* What to do: In the records below, repeat exactly the lines between the line holding "Das Chateau Marmont, 1929" and the line holding "Huyền thoại Legend", inclusive, and drop the pictures.

* Dataset excerpts:
►

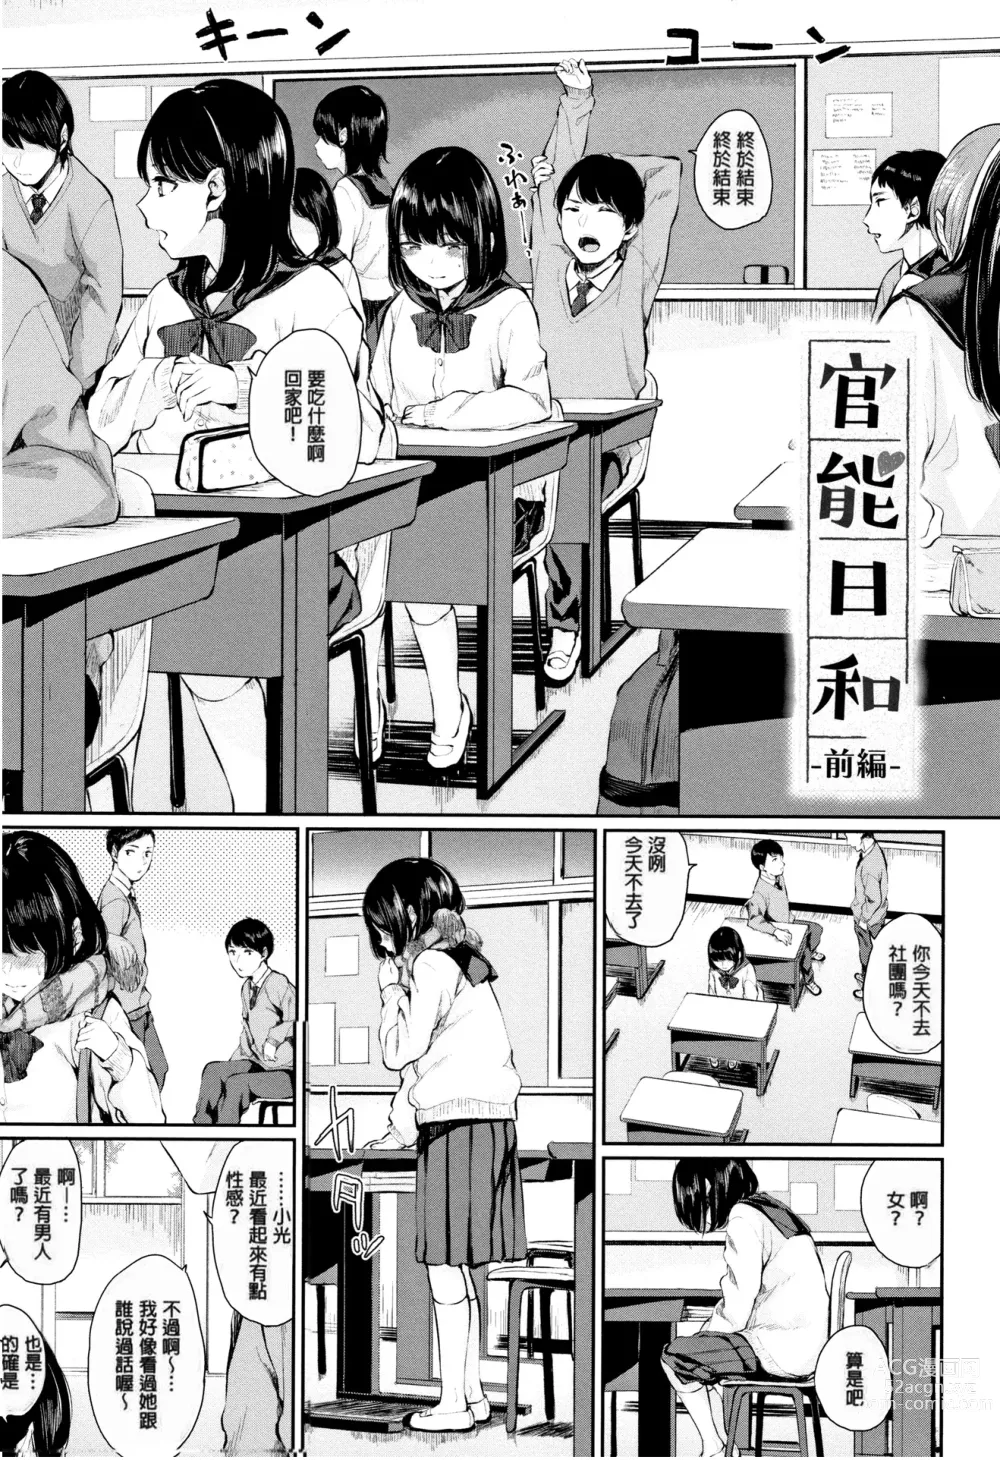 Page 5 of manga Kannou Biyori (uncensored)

◄
►

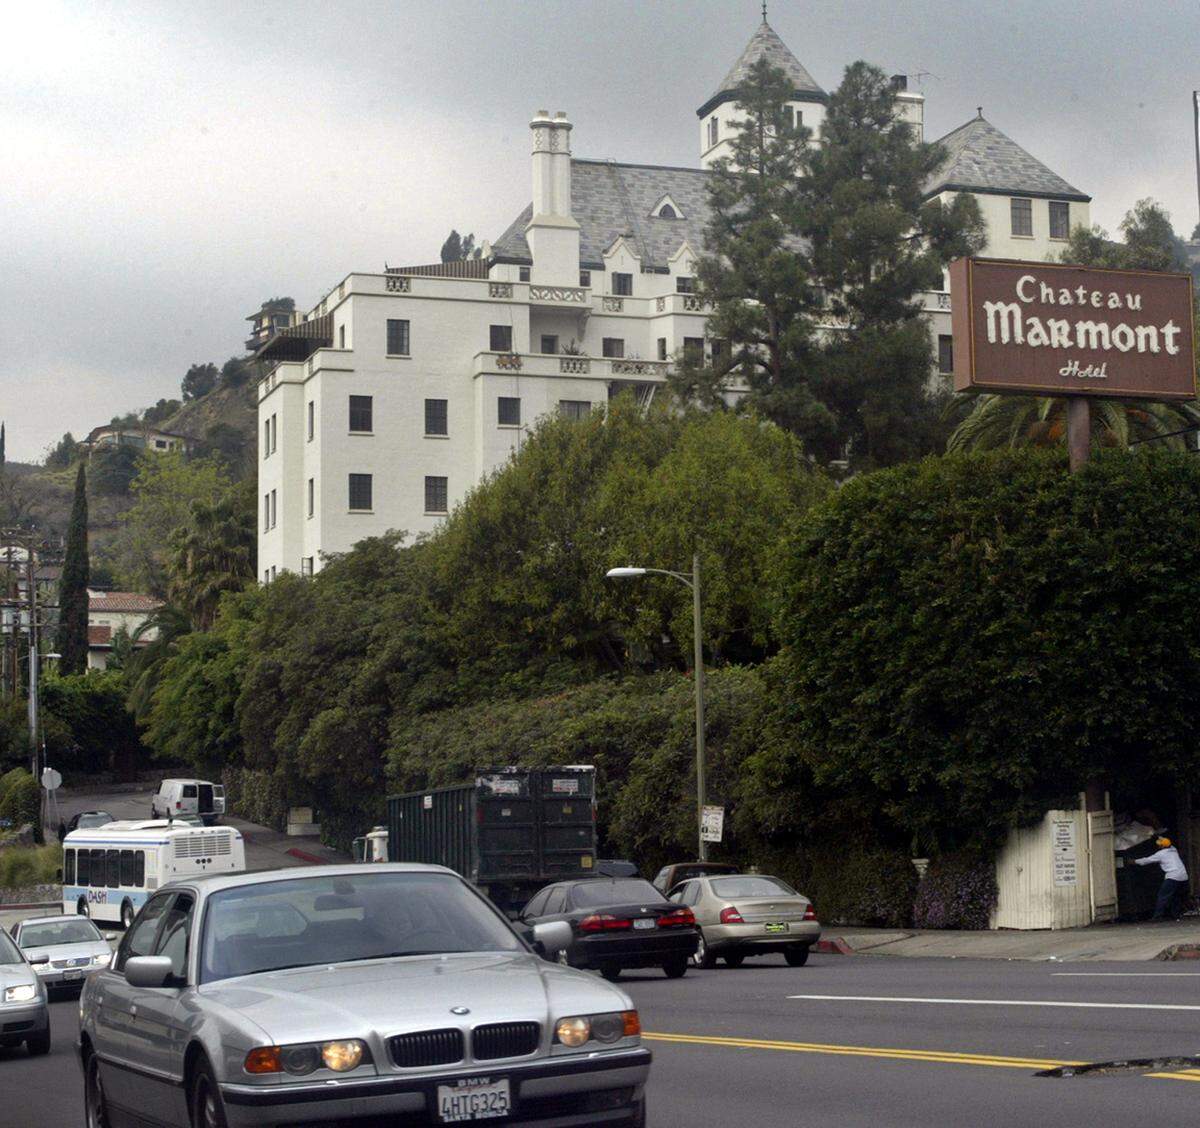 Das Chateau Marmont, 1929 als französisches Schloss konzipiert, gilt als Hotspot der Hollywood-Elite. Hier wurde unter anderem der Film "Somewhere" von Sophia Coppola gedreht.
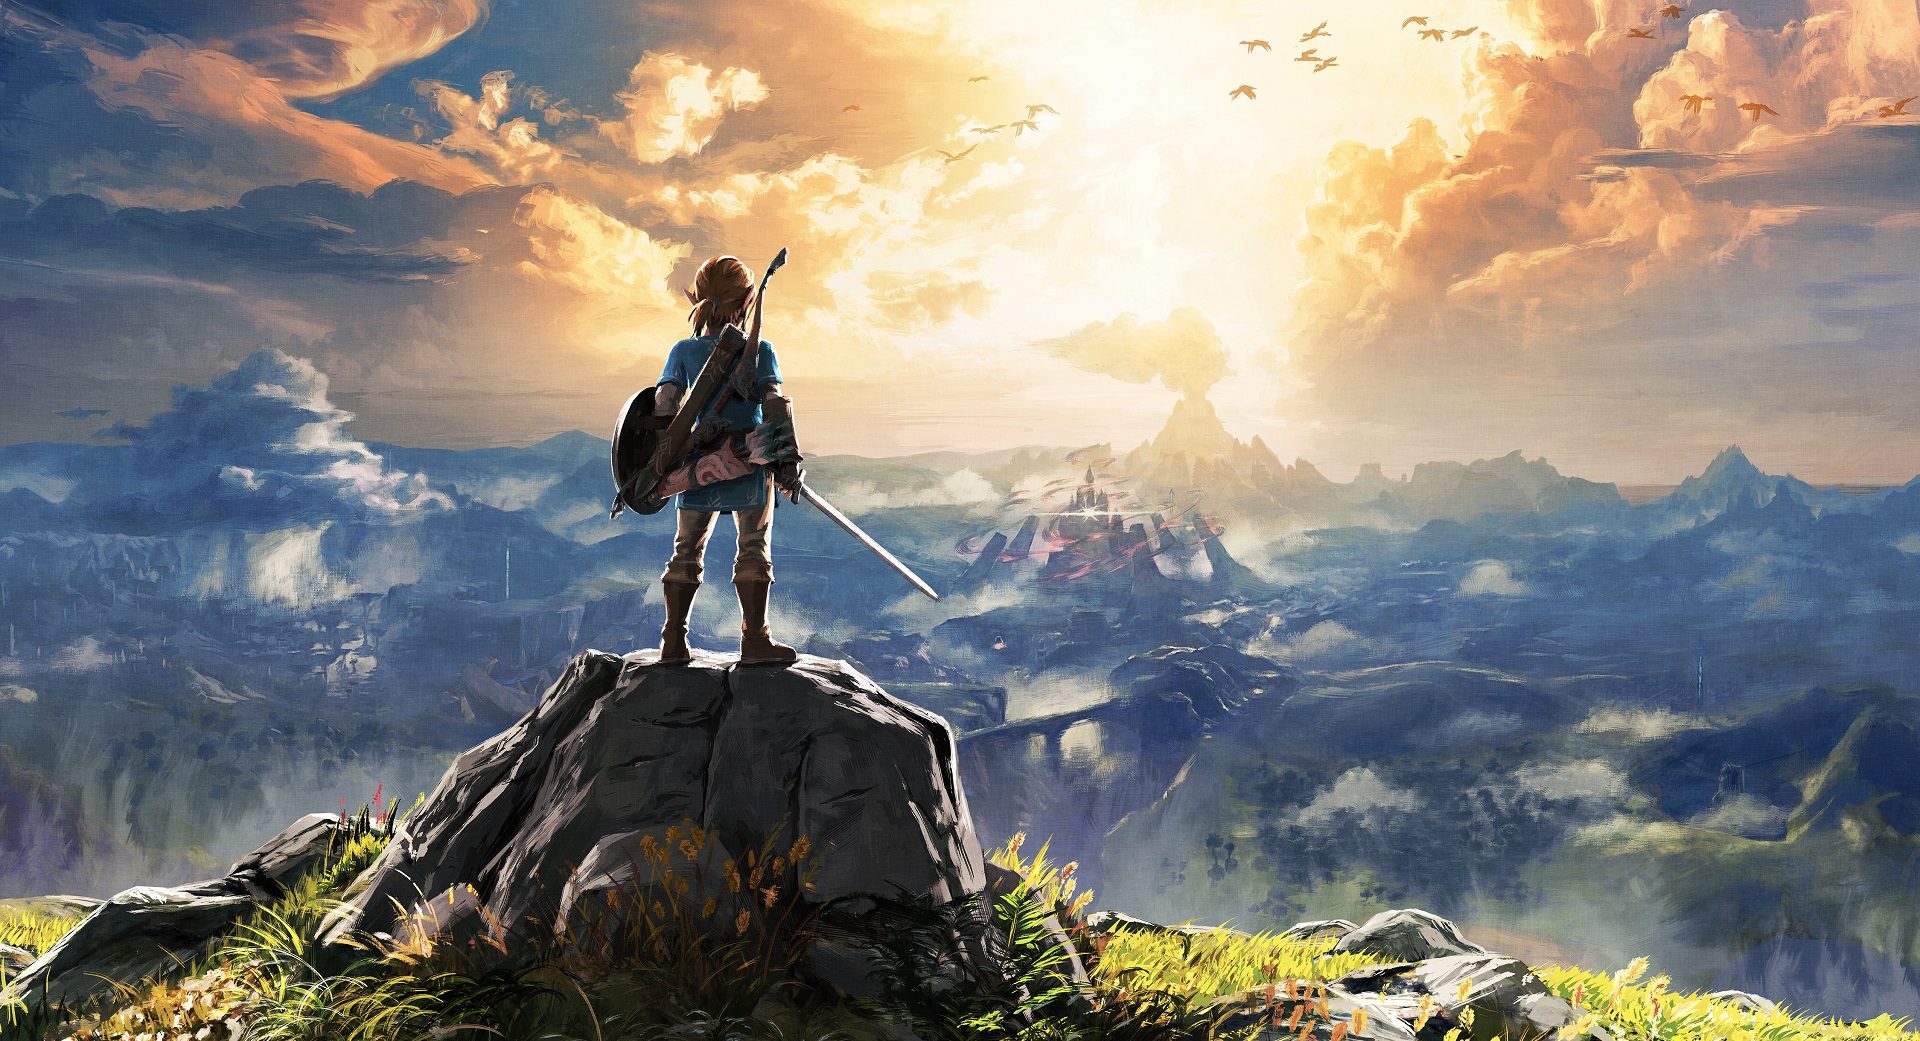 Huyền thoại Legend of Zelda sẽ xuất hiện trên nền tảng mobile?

◄

* Exercise result:
 Das Chateau Marmont, 1929 als französisches Schloss konzipiert, gilt als Hotspot der Hollywood-Elite. Hier wurde unter anderem der Film "Somewhere" von Sophia Coppola gedreht.
 Huyền thoại Legend of Zelda sẽ xuất hiện trên nền tảng mobile?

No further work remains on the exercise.